◆ GIVEN DATA
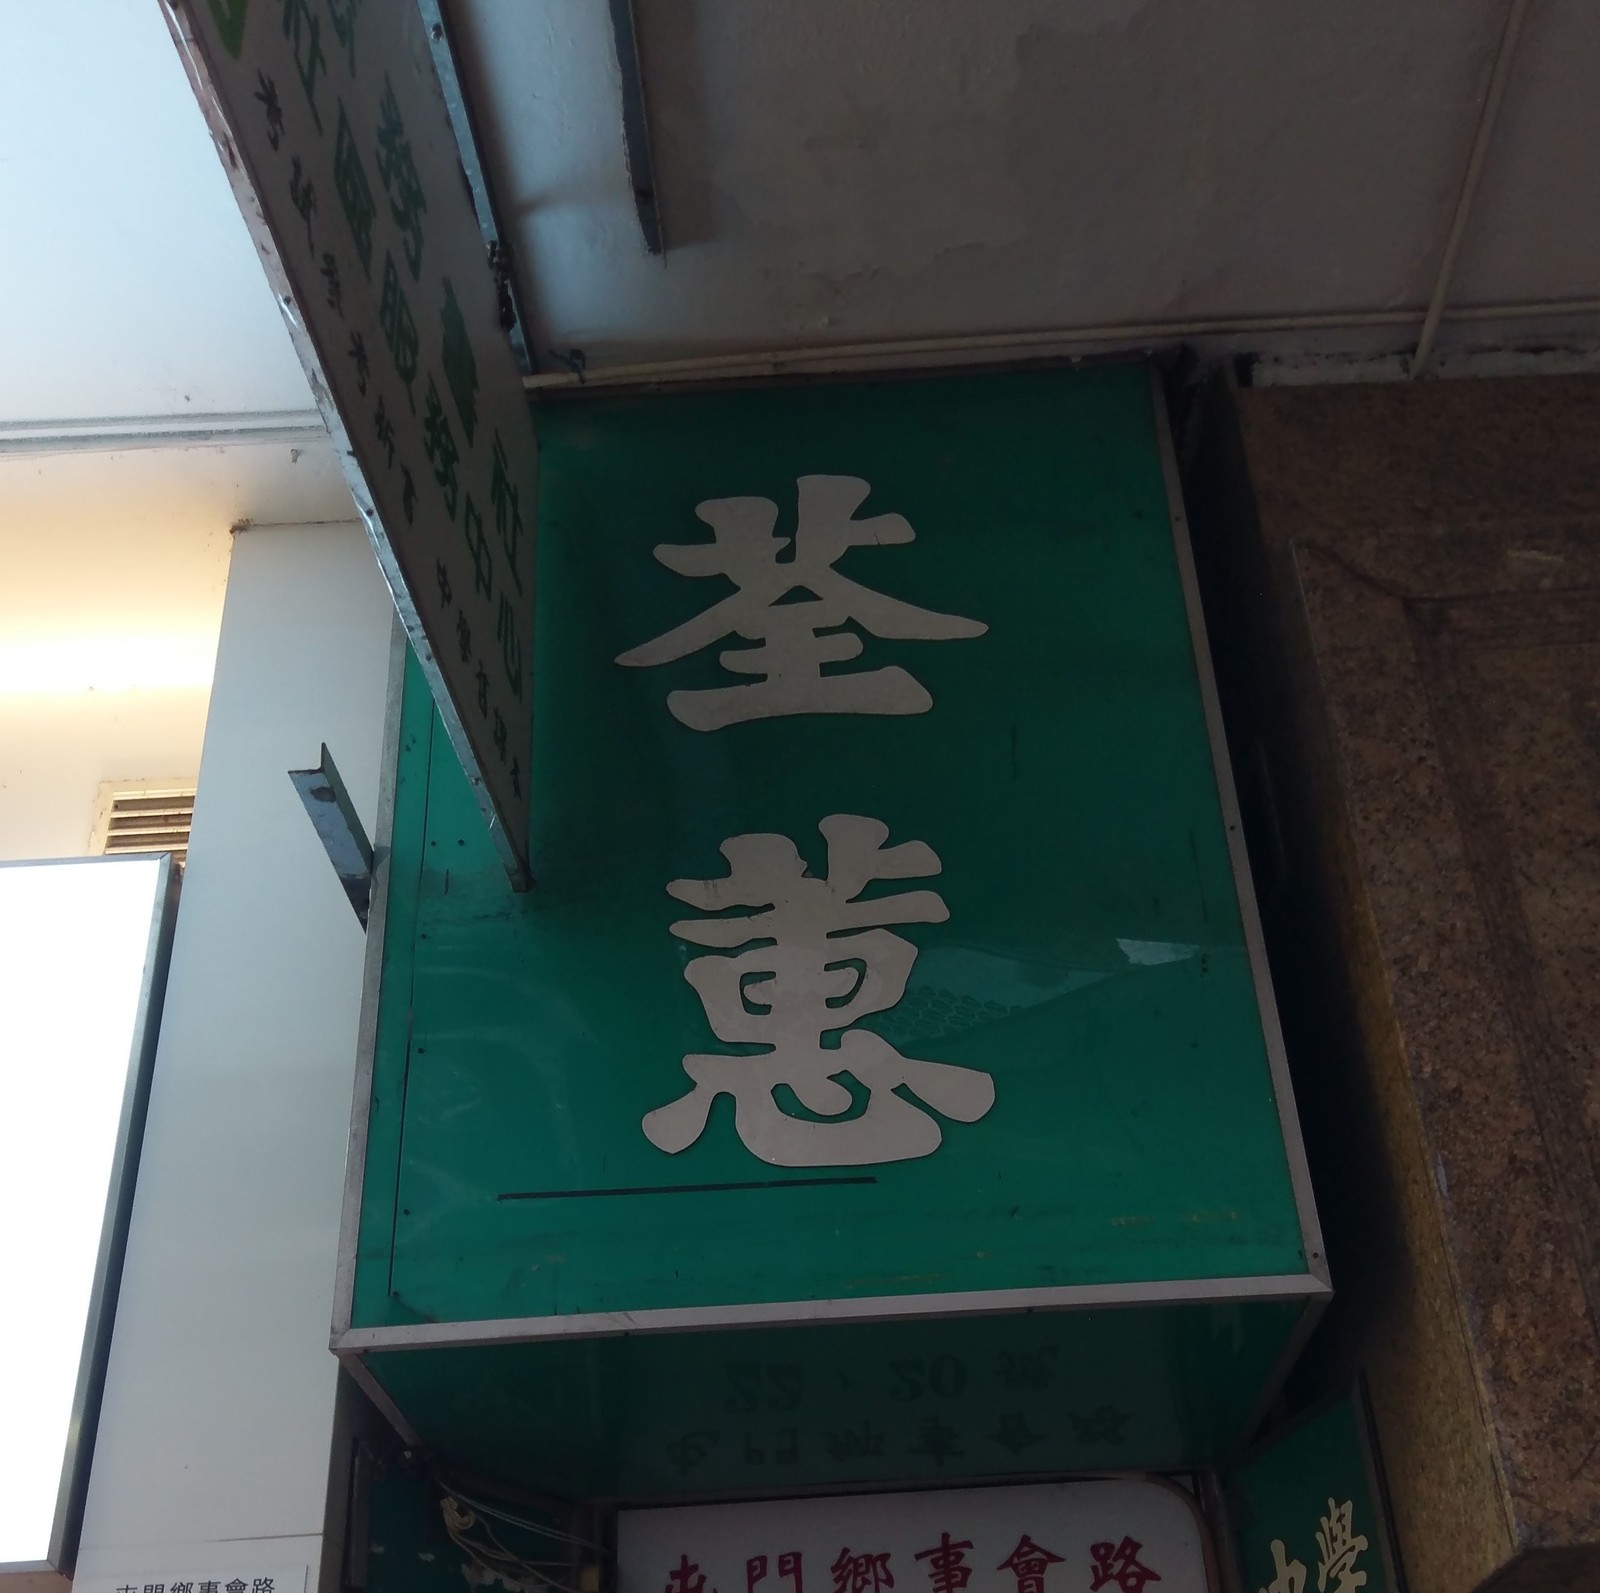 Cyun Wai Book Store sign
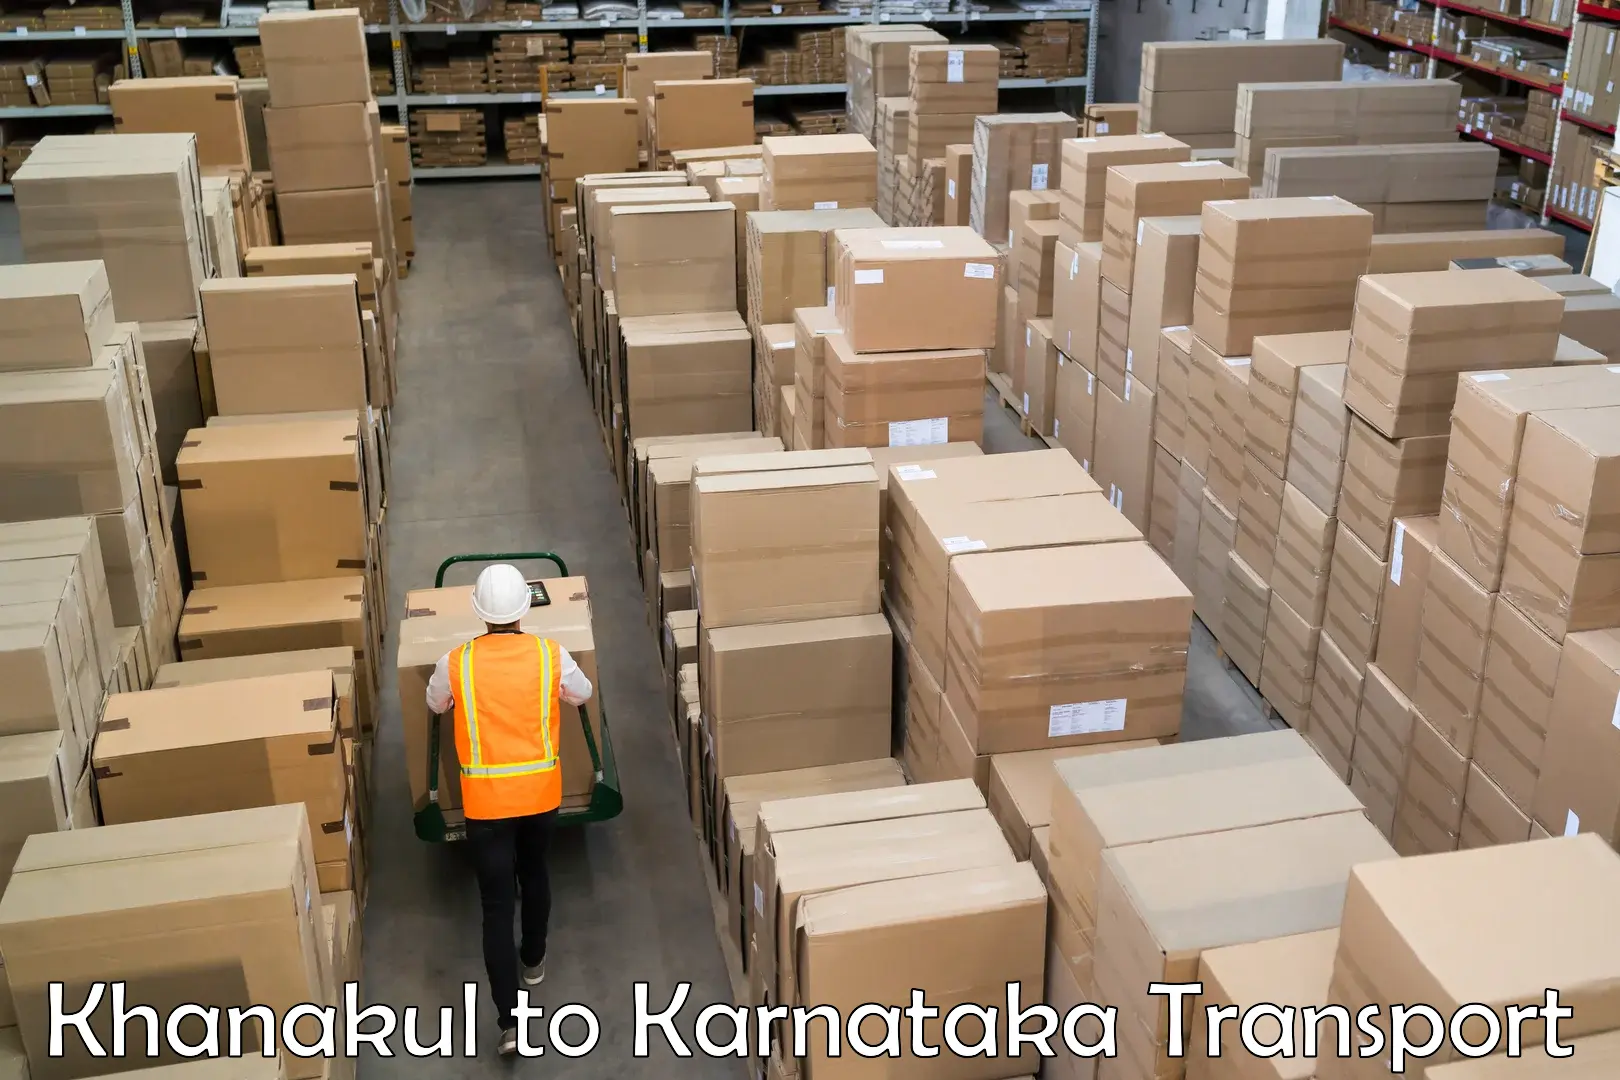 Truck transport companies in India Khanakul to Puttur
--
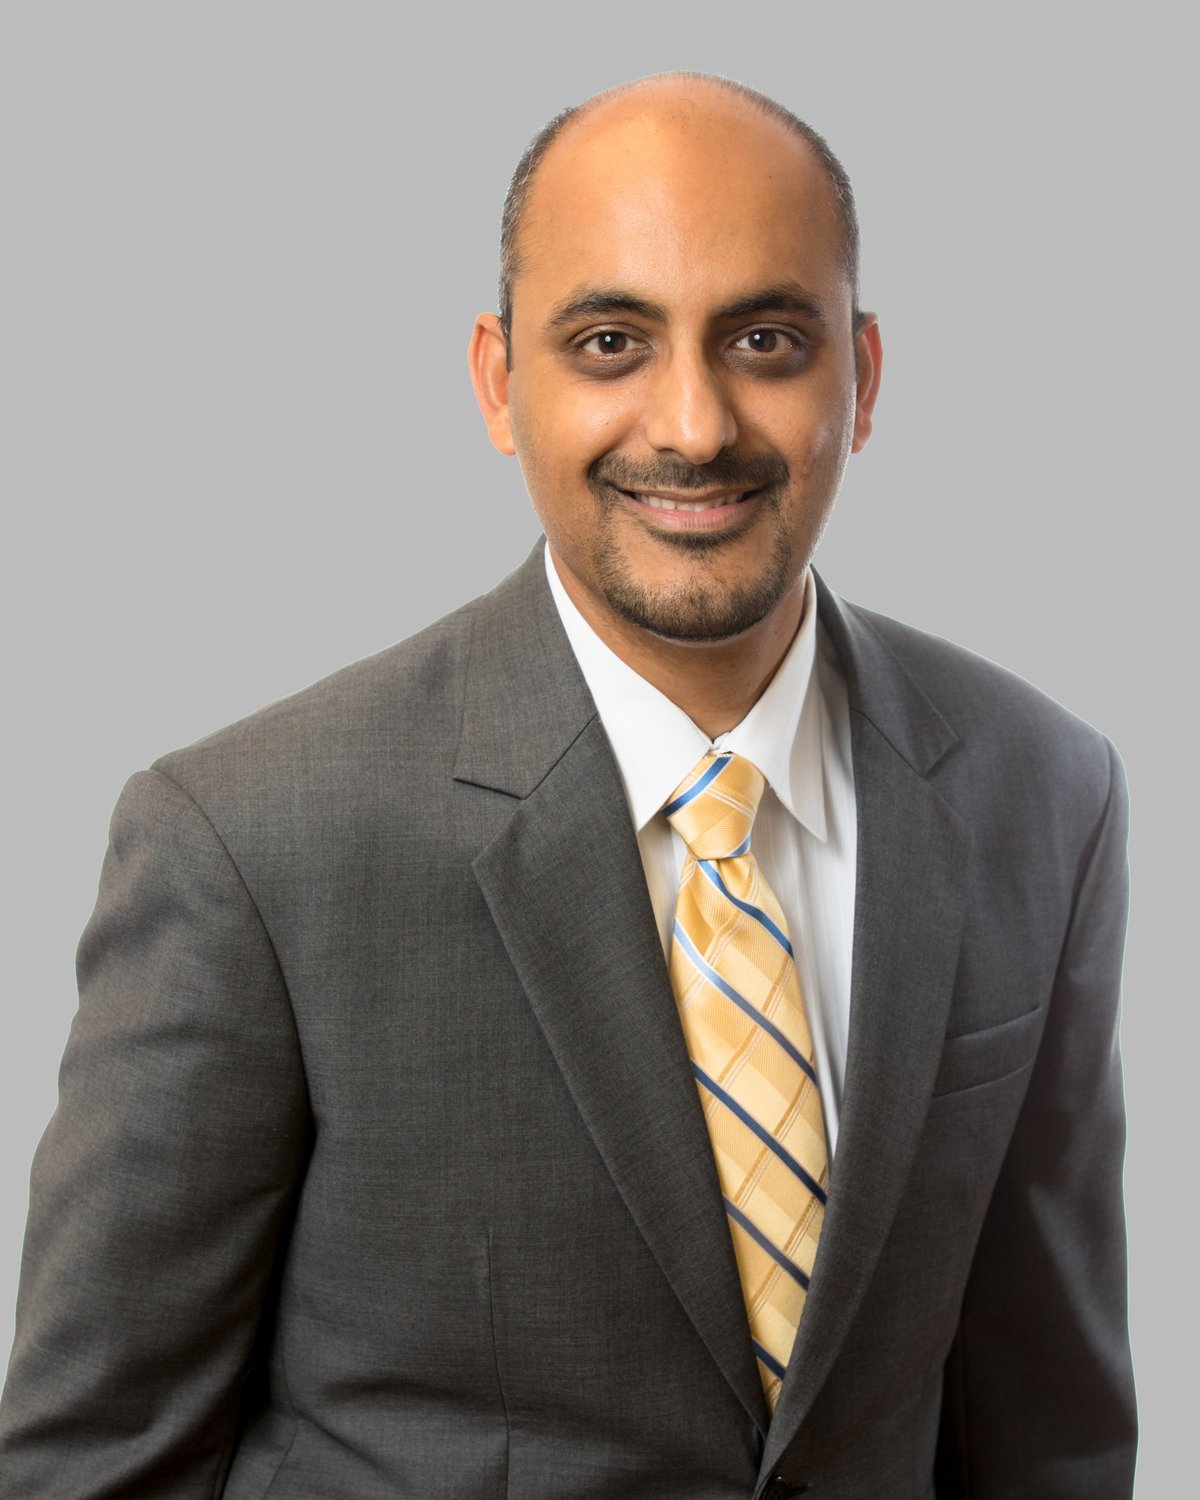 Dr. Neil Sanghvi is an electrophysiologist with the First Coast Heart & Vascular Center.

◆ WHAT THE EXERCISE ASKS
What you return must match, character for character, the lines above from the one with "Cyun Wai Book Store sign" through the one with "Truck transport companies", minus any pictures.

◆ REPLY
 Cyun Wai Book Store sign
 Truck transport companies in India Khanakul to Puttur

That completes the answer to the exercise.